Your weight can indirectly affect NIPT reliability. Women with a higher BMI tend to have a lower fetal fraction — the proportion of the baby’s DNA in the mother’s blood. Most NIPT laboratories require a minimum fetal fraction (usually around 3–4%) to produce a reportable result. If the fetal fraction is too low, the laboratory may be unable to give a result at all, or the result may be less reliable. Studies have shown that women with a BMI over 30 are more likely to receive a no-call or inconclusive result on their first blood draw. In these cases, a repeat blood sample at a later gestational age — when fetal fraction is naturally higher — often resolves the issue. If you are concerned about how your weight might affect your NIPT, speak with your clinician about the best time to have the test and which NIPT platform may be most suitable for you.

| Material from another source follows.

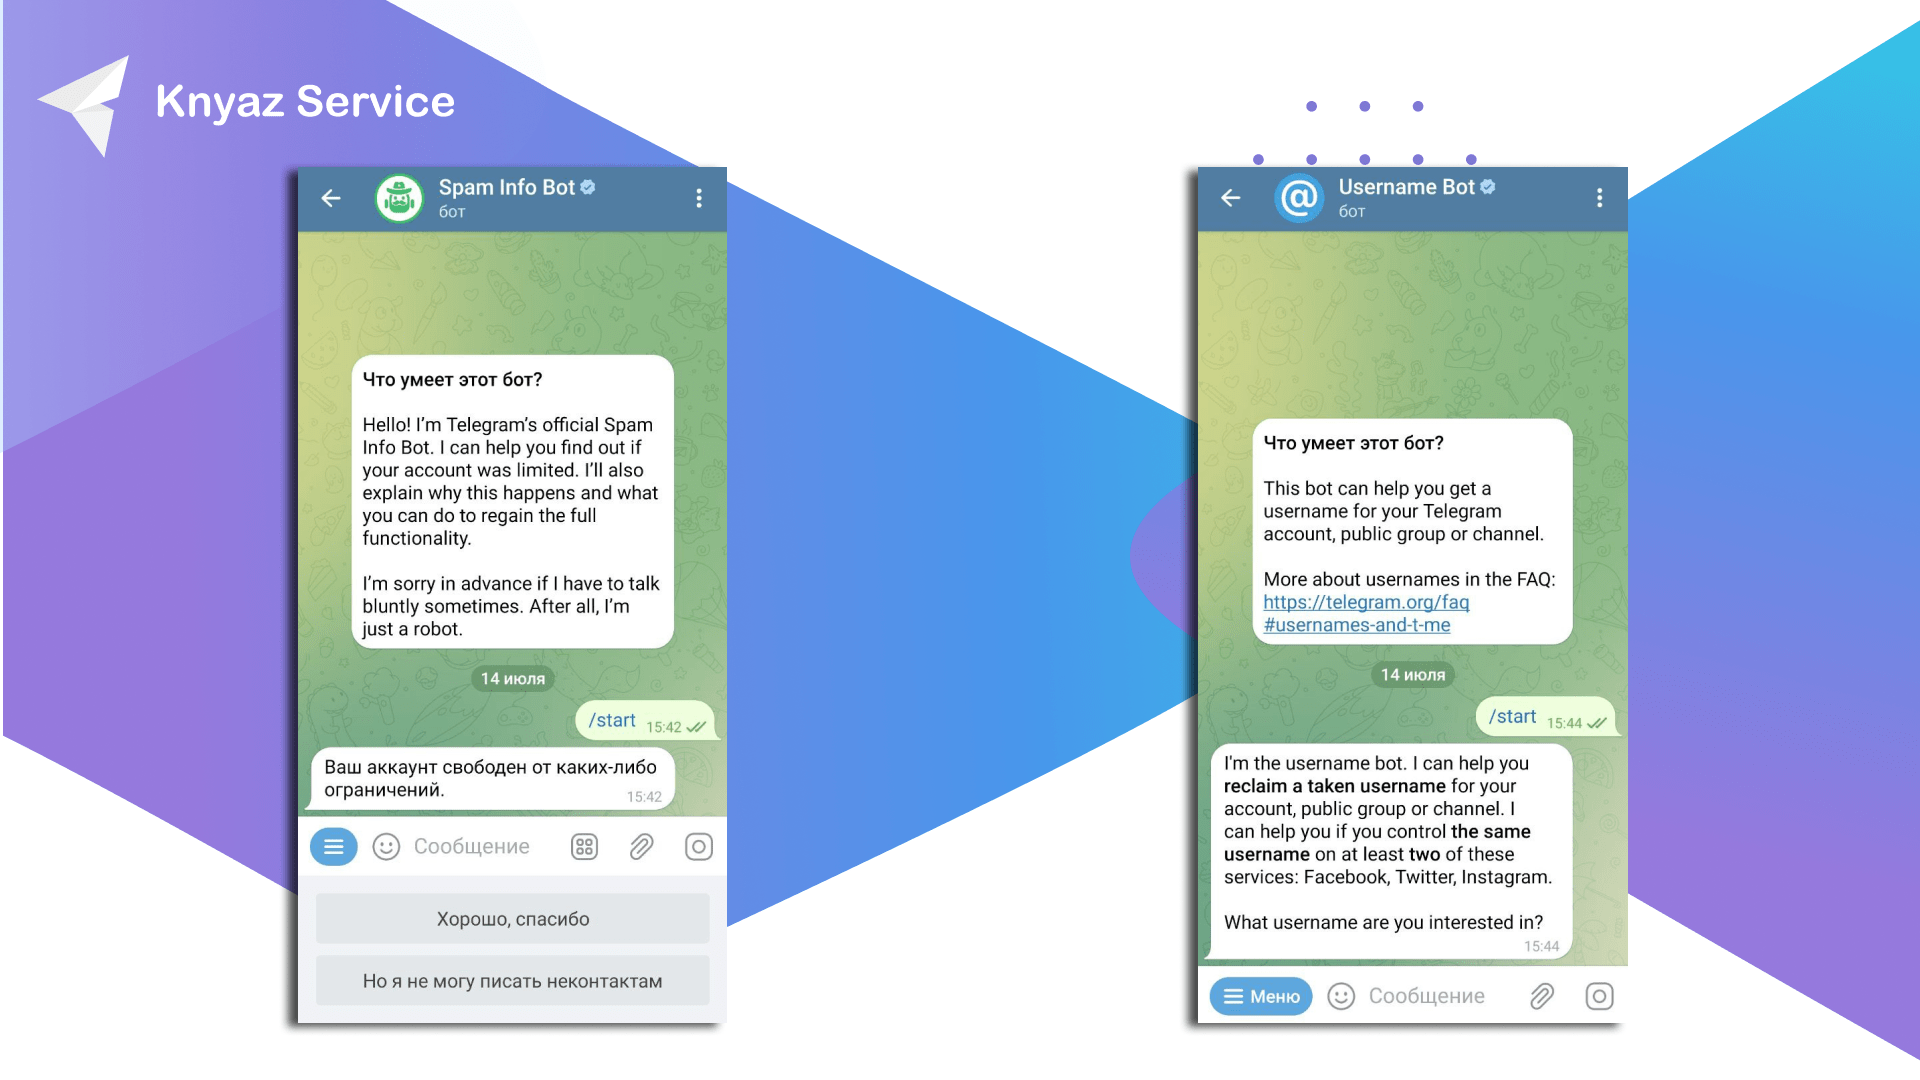 Обращение в службу поддержки Telegram через ботов

Yes — NIPT is significantly more accurate than the NHS first trimester combined screening test for the three main trisomies. The combined test, which uses a nuchal translucency ultrasound measurement and blood markers (PAPP-A and free beta-hCG), detects approximately 85–90% of Down syndrome cases with a false positive rate of around 3–5%. By comparison, NIPT detects over 99% of Down syndrome cases with a false positive rate below 0.1%, meaning far fewer women receive an unnecessary high-risk result. This dramatically reduces the number of women who go on to have invasive procedures like amniocentesis, which carry a small risk of miscarriage. It is worth noting that the combined test does provide additional information — such as the nuchal translucency measurement and PAPP-A level — that can flag other pregnancy complications beyond chromosomal conditions, so many clinicians recommend having both an early scan and NIPT for the most complete picture of your pregnancy.